There are several ways to vectorize recommendation_1()
so that it gives an accurate recommendation for each temperature in df
.
First, there’s a vectorized if-else function called if_else()
:
x <- c(1, 3, 4)
if_else(x == 4, true = "four", false = "not four")
#> [1] "not four" "not four" "four"
However, in order to rewrite recommendation_1()
using if_else()
, we’d need to nest if_else()
repeatedly and the function would become difficult to read.
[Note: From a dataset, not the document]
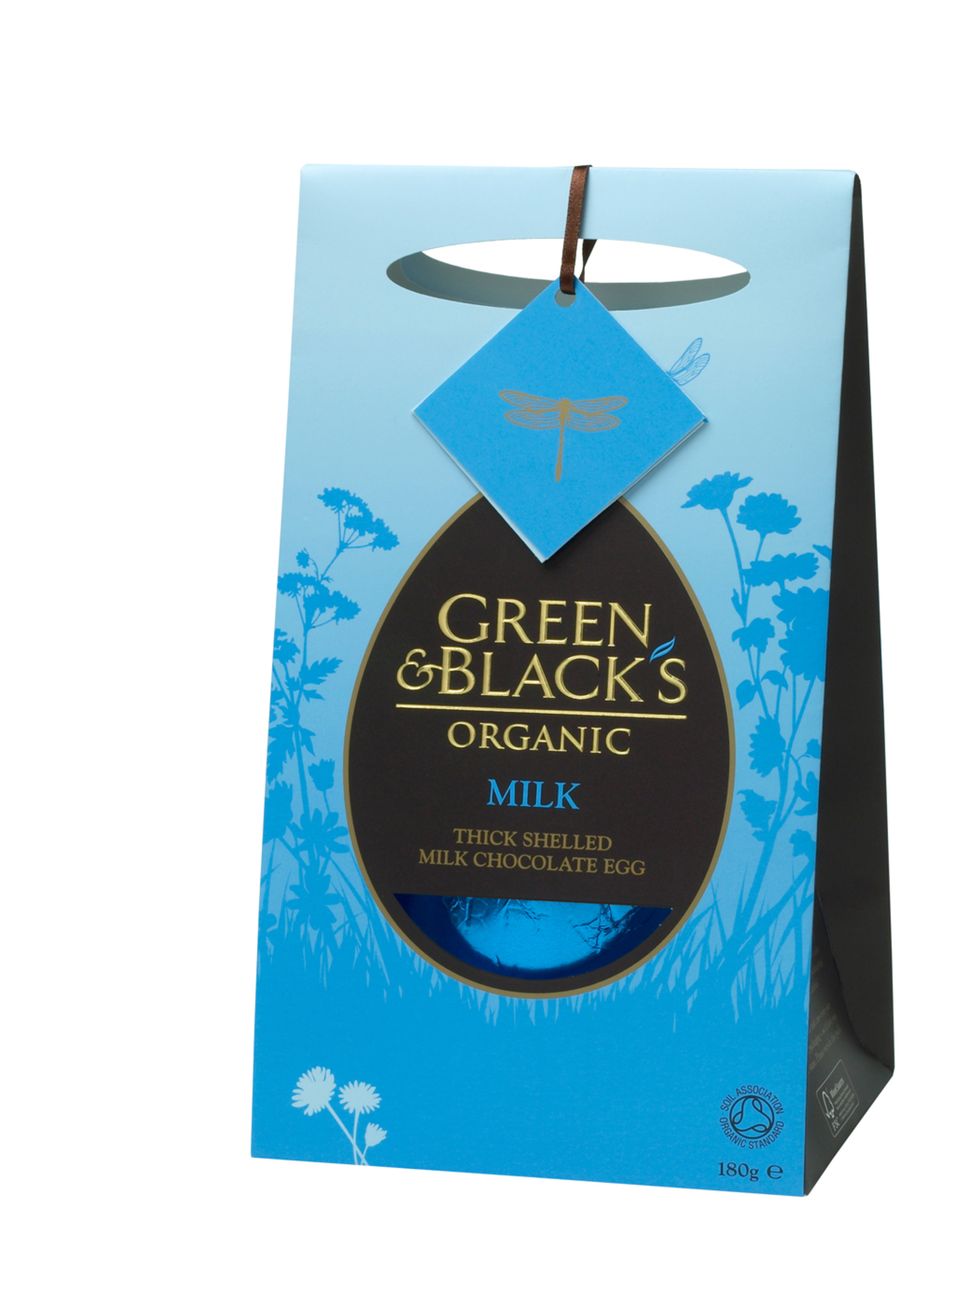 <p><strong>Treat: <a href="http://www.greenandblacks.co.uk/our-range/Easter/Milk-Egg?p=2643&amp;c1=1560">Green &amp; Blacks Milk Egg</a></strong><strong> Calories: 1110 Calories</strong></p><p><strong>Activity: Elliptical Trainer</strong><strong> Time: 85
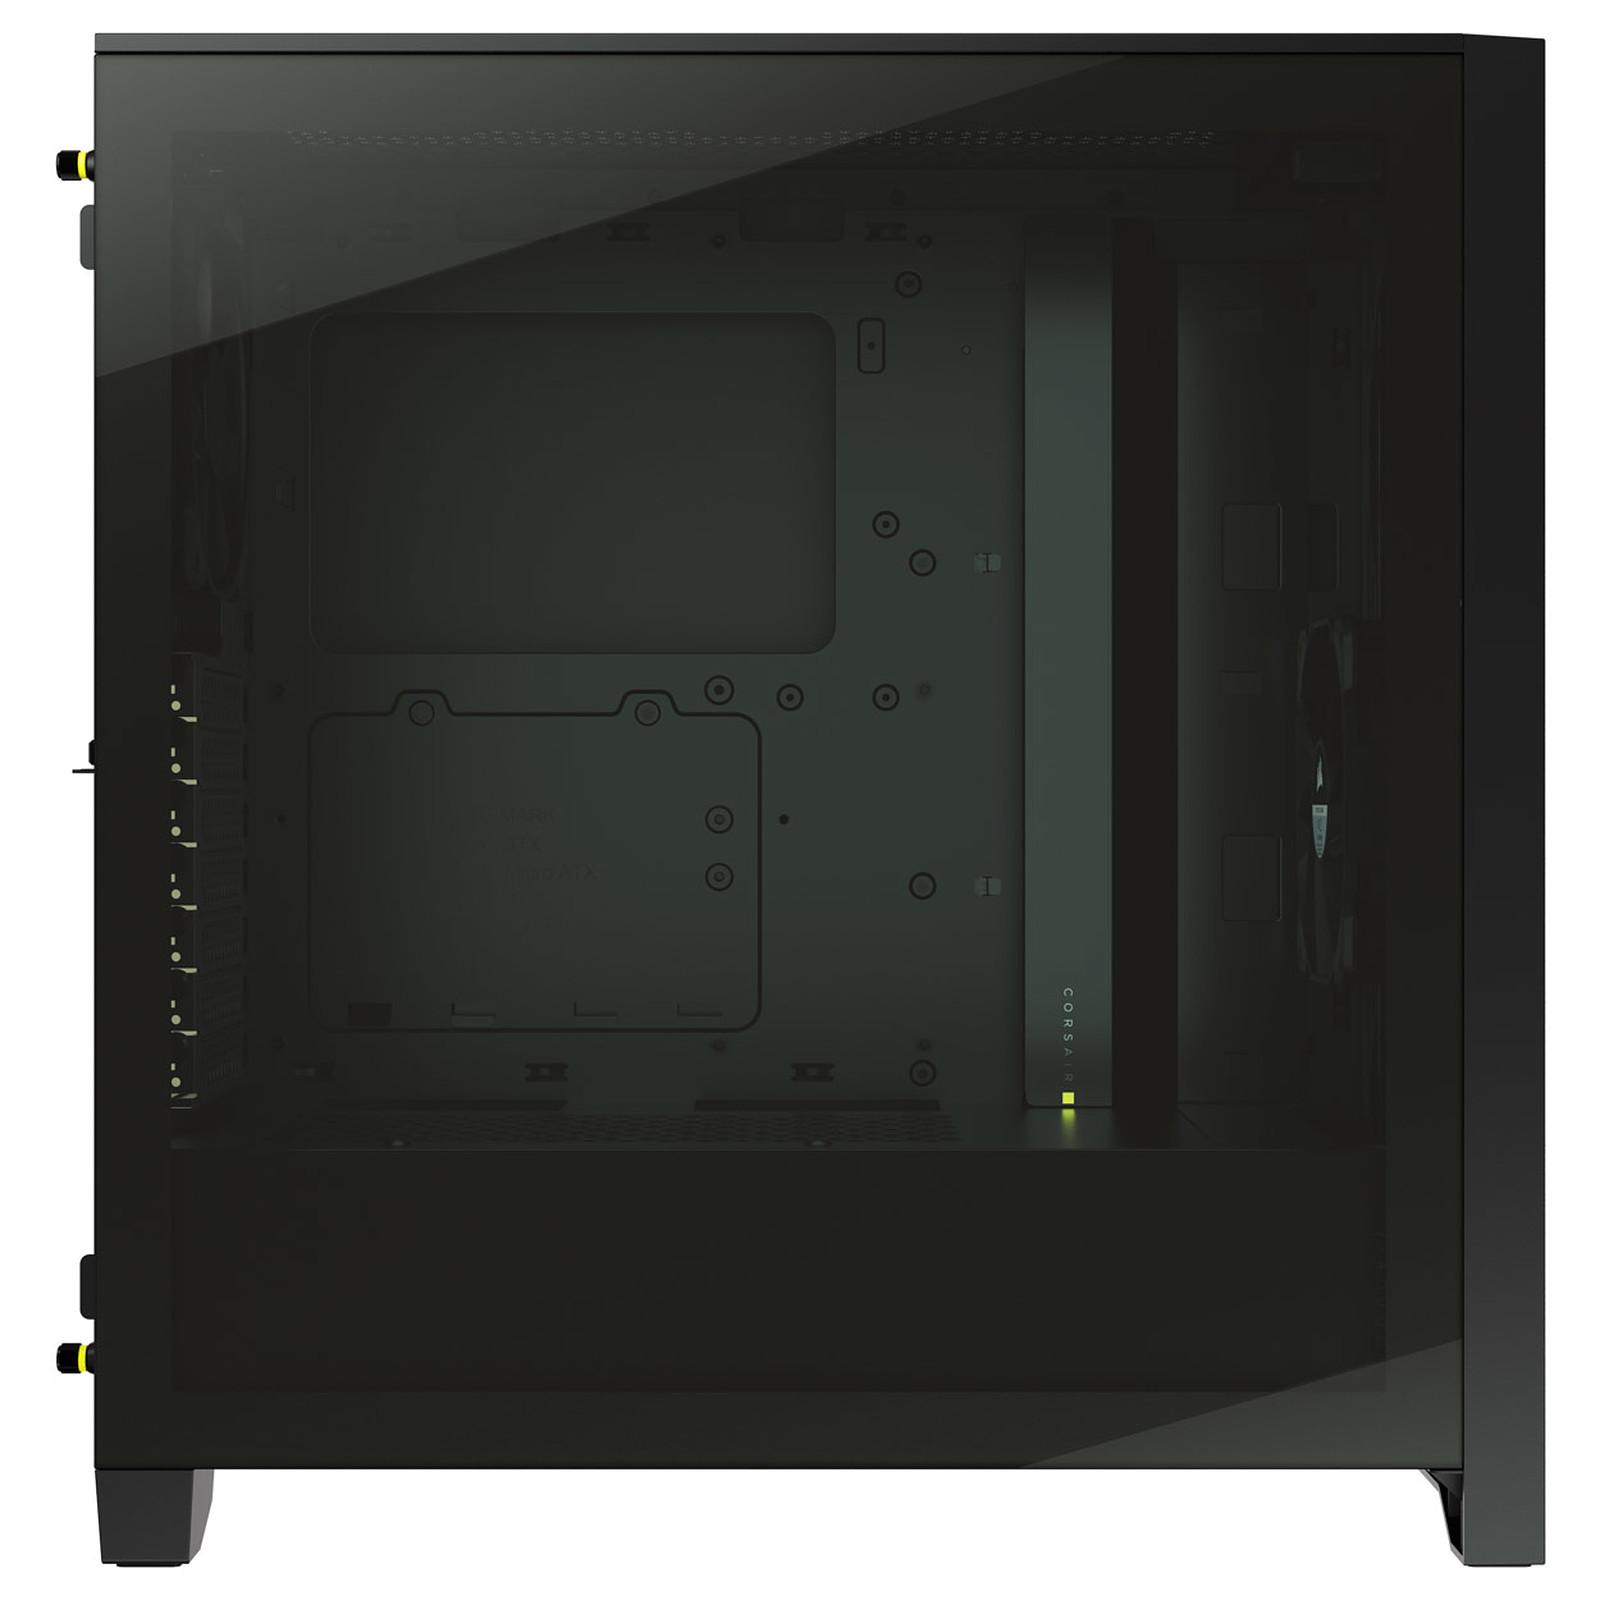 CORSAIR 4000D TEMPERED GLASS MID-TOWER BLACK

Another vector function, case_when()
, is a better option:
recommendation_2 <- function(x) {
case_when(
x >= 90 ~ "locate air conditioning",
x >= 60 ~ "go outside",
x >= 30 ~ "wear a jacket",
x >= 0 ~ "wear multiple jackets",
TRUE ~ "move"
)
}
recommendation_2(temps)
#> [1] "wear multiple jackets" "wear a jacket"
#> [3] "locate air conditioning"
df %>%
mutate(recommendation = recommendation_2(temperature))
#> # A tibble: 10 x 2
#> temperature recommendation
#> <int> <chr>
#> 1 6 wear multiple jackets
#> 2 106 locate air conditioning
#> 3 80 go outside
#> 4 93 locate air conditioning
#> 5 48 wear a jacket
#> # … with 5 more rows
For other helpful vector functions, take a look at the “Vector Functions” section of the dplyr cheat sheet.